Most of the parking seems to be on grass fields, so slightly dodgy for a m/h at the end of November. But without prompting, we were directed to the hard-core car park next to the House (near stable-block). Any nearer, we would have been in His Lordship's apartments.

Felt slightly guilty therefore when we had lunch in the van. Not meanness on our part, honestly - just the queues at the cafeteria put us off.

By the way, we were based at the C&CC site at Oxford - this was excellent. Easy walk to Oxford centre (along the river is best) and lots of frequent bus services from just outside the campsite.

Try the "Old Tom" pub (St Aldates, opposite the return bus stop) for SMOKE -FREE real-ale pub experience mmmmm....

Also - excellent camping super-store at the campsite gates - big savings on Berghaus (I think ,,,, :?: )


----------



## Invicta (Feb 9, 2006)

That wasn't my experience when we visited there last Sunday!

We were parked over a quarter of a mile away from the entrance to the house. I was on my electric disabled scooter. We had got the carer in free as I was a 'wheelchair user' so it was known that the RV was carrying a 'disabled' person (I HATE that term-I prefer 'restricted mobility' but does that still signify the problems ?!) but this didn't stop us being parked well away from the entrance to the house.

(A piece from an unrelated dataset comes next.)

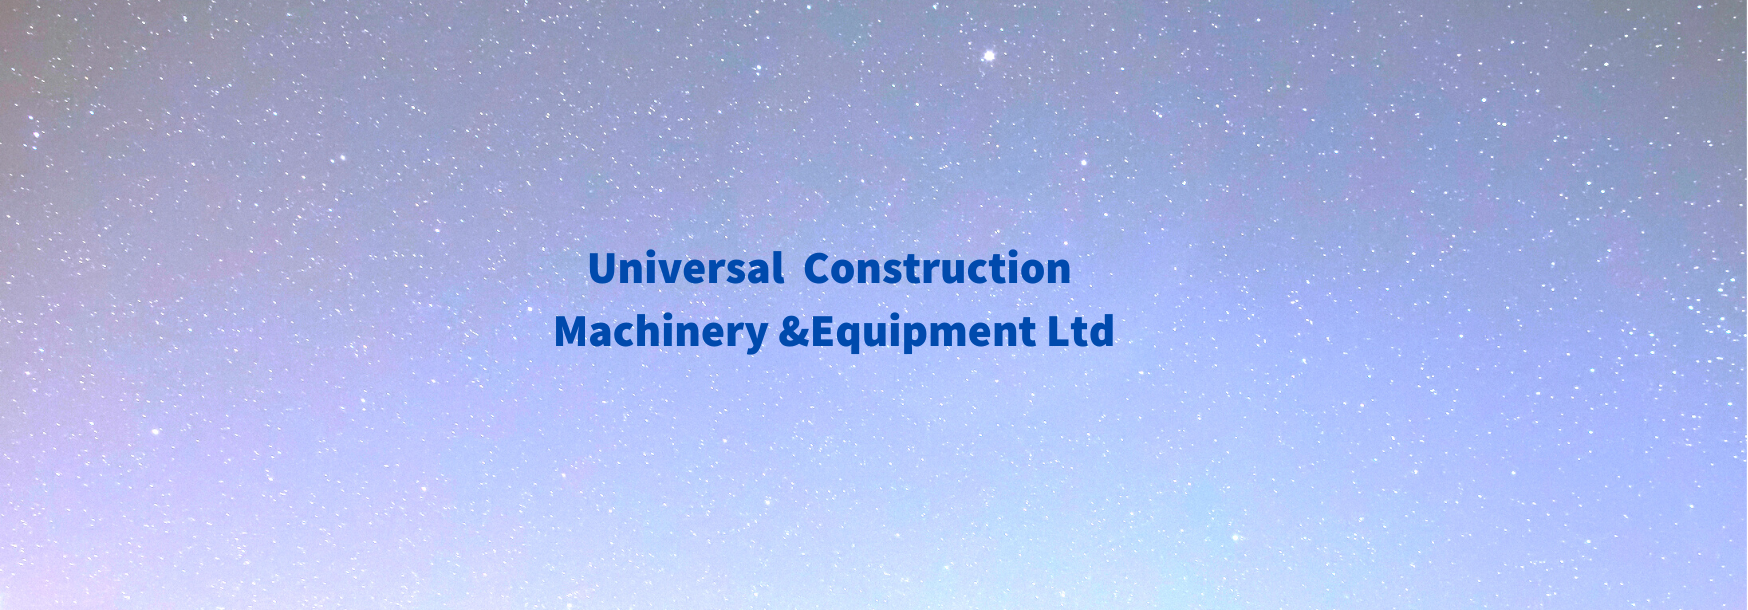 Universal Construction Machinery & Equipment Ltd

I couldn't get on the train with my scooter to access the entrance so had to go along the road in all the cold and wind. When I reached the gate to access the main drive up to the house, I couldn't get over the cattle grid so had to go through a gate at the side. Under this was a huge pool of water and mud. I got plastered!

Accessing the house by the lift with my new VERY lightweight scooter was a further problem. The lift says weight carried up to 32 stone and NO electric scooters. Together with my scooter I certainly didn't reach that weight! The staff went to get me a wheelchair but I declined saying I wanted to keep my independence and not have to be pushed around the house by my son in law although he would have been willing to do so. To get over the problem we then broke the scooter down in parts and I went up on the lift with the batteries, seat and motor and my daughter and son in law carried the remainder of the dismantled scooter up the stairs.

I told the staff at this stage about the appalling condition of the ground at the access gate suggesting that straw or other material be laid down. I found on my return that nothing had been done. What was really annoying on leaving the building was to see a coach parked in the car park right by the entrance. 

The house was lovely, with the Christmas decorations and choir singing in the Library. With a little more attention to the needs of those like me with limited mobility who like to keep their independence, the visit could have been even more enjoyable!


----------



## 100167 (Jul 22, 2006)

I am sorry to hear about that experience, Invicta. We were obviously lucky with the timing and/or the staff. It was only the risk of being bogged down in the field that bothered us - we would have been happy to walk down to the house.

Still - glad you liked the house itself. I think the've done it up nicely for Xmas - the lighting, decorations and real-flame-effect fires give it a real seasonal atmosphere. We missed the choir on our trip though.

Steve & Sue


----------